When she was younger and healthier, she was charming, quick with a smile and brimming with charisma. Her freshman year of high school, she straightened and bleached her hair, decided she didn’t like it, and dyed it back. It fell out in clumps. So she was baldheaded in the mid-90s, pretty much just her and Sinéad O’Connor. Still, she tried out for cheerleading with a bald head and made the squad. And it wasn’t charity or pity. At her best, she could stoke enthusiasm from thin air, and clearly, they felt it.

Still, I struggle to conjure good memories of my sister. My mental health struggles are inward — depression and anxiety that make me beat myself up. Hers were inward, too, but mostly outward. She lashed out. She attacked and bullied. She manipulated and gaslit. She twisted the fabric of reality until it snapped back and cut everyone caught in the bind. My relationship ended with her, legally and spiritually, when I had to obtain a restraining order against her after several episodes in which she threatened my family. It was the right thing to do, and I don’t regret it, but it complicates grief.

As I struggle to grieve her, I come back to old faithful — to laughter. She did share my sense of humor. With our family tree, how could she not? And she did have a great laugh, the kind that shakes the whole body and nods to the joy in the absurd and the sacred in the profane.

As mental illness consumed her over the years, paranoid delusions became a larger part of her reality. She believed them with such conviction that she could make you question your own sanity. She was so possessed by them that I could hardly see the sister I once knew in the muck and mire of what was left of her. Before she hanged herself, she wrote a slapdash suicide note on the walls in black marker. The note accused all manner of forces that were conspiring against her — her family, the legal system, the local police, the FBI, and the Kardashians.

I’ve been reflecting on why I do this, why I write with an angle on humor and laughter. A good friend of mine, a man who, along with his wife, has endured more trauma and tragedy than anyone I’ve encountered, read one of my stories and sent me a text that said, “You’ve got me laughing my balls off over here!” Profound suffering is no match for someone open to joy and laughter.

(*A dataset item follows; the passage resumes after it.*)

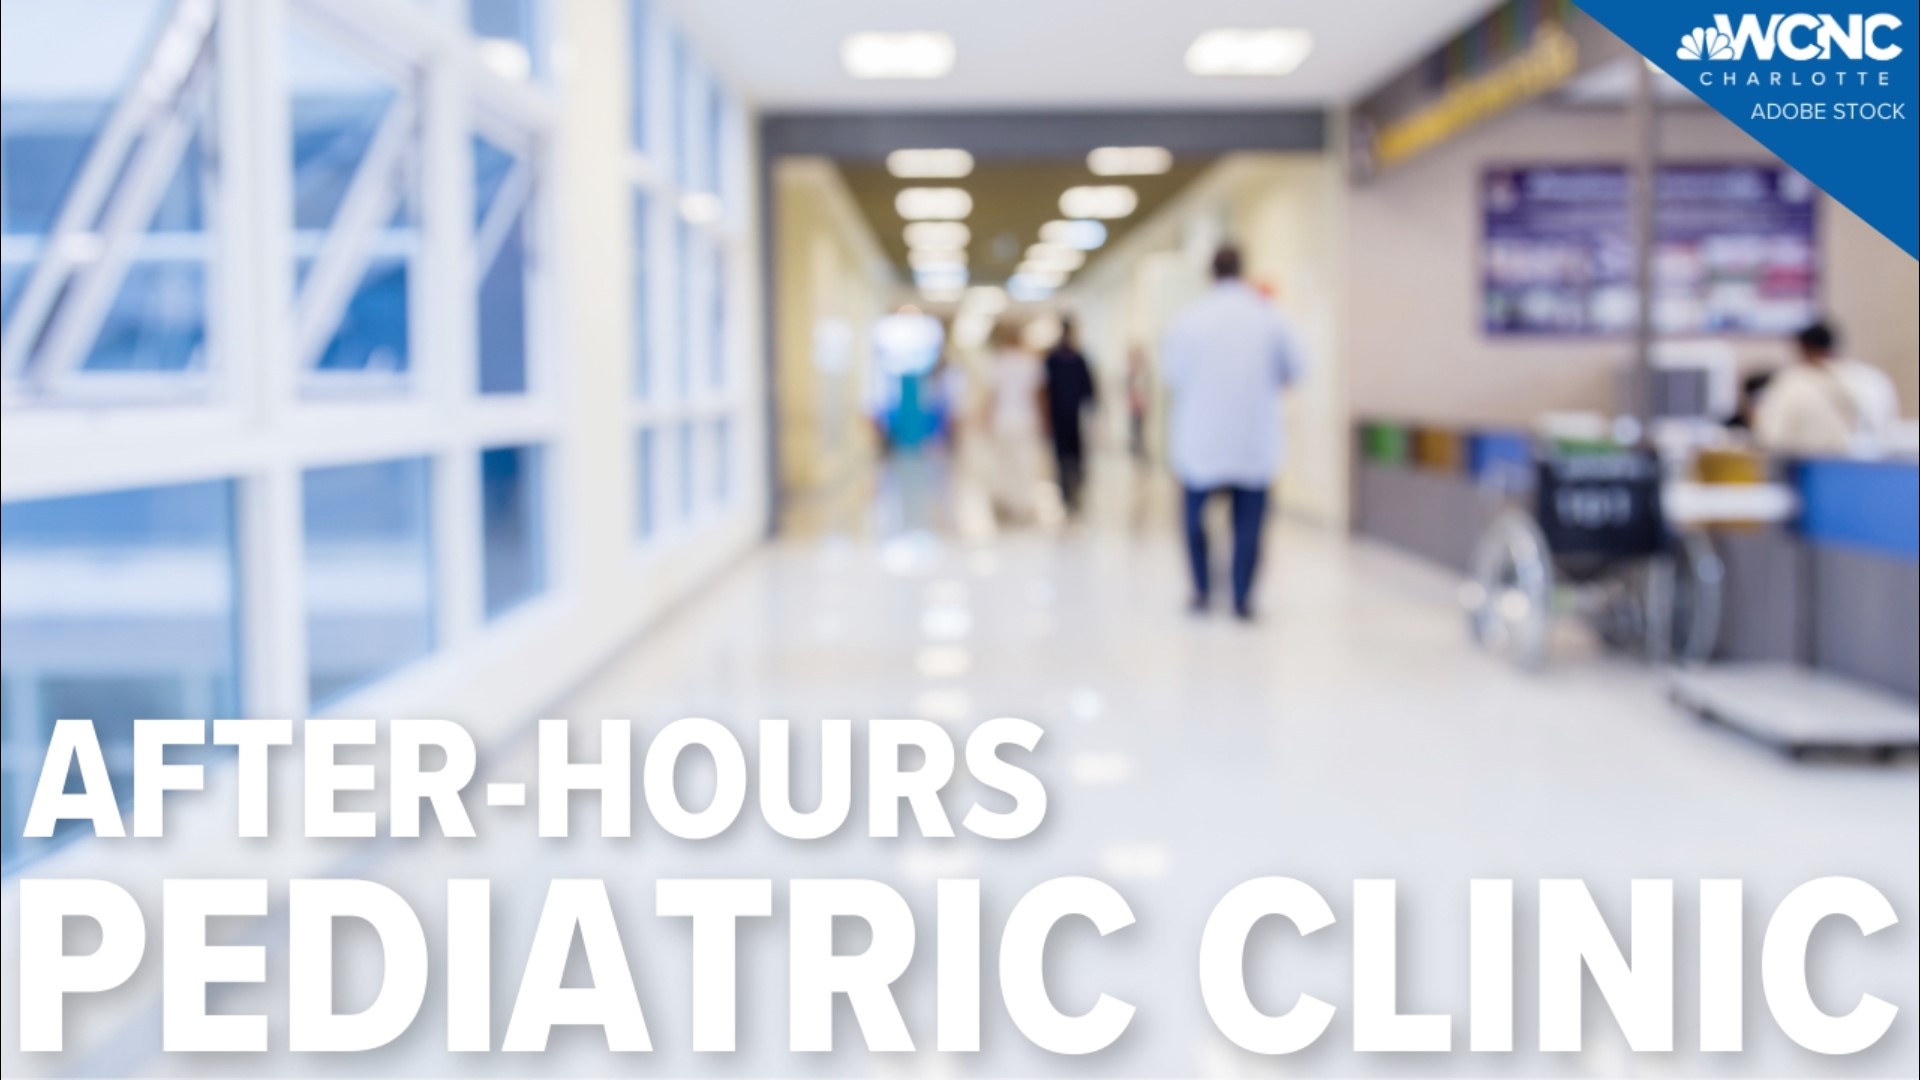 Novant Health Pediatrics After Hours Care - Carmel will be staffed by a team of highly qualified pediatric providers and will treat any patient under 18.

It’s easy to write off my sister’s suicide note as nothing but tragic insanity, but that last bit about the Kardashians gives me pause. My sister was drowning in illness, no doubt crippled by dread and paranoia, but the utter silliness of the Kardashians paired with the FBI, the ridiculousness of it, it makes me smile. Imagine a cancer patient, one who winks or gives your finger a squeeze just before passing, a gesture to let you know she’s still in there beneath the pain and degradation. I can see my sister in that context. Swap cancer for mental illness, the wink for a wacky reference to lip fillers, butt implants, and pop culture shenanigans, and she’s in there, wrestling with the demons of her life, alive in that last moment, fighting to find the punchline.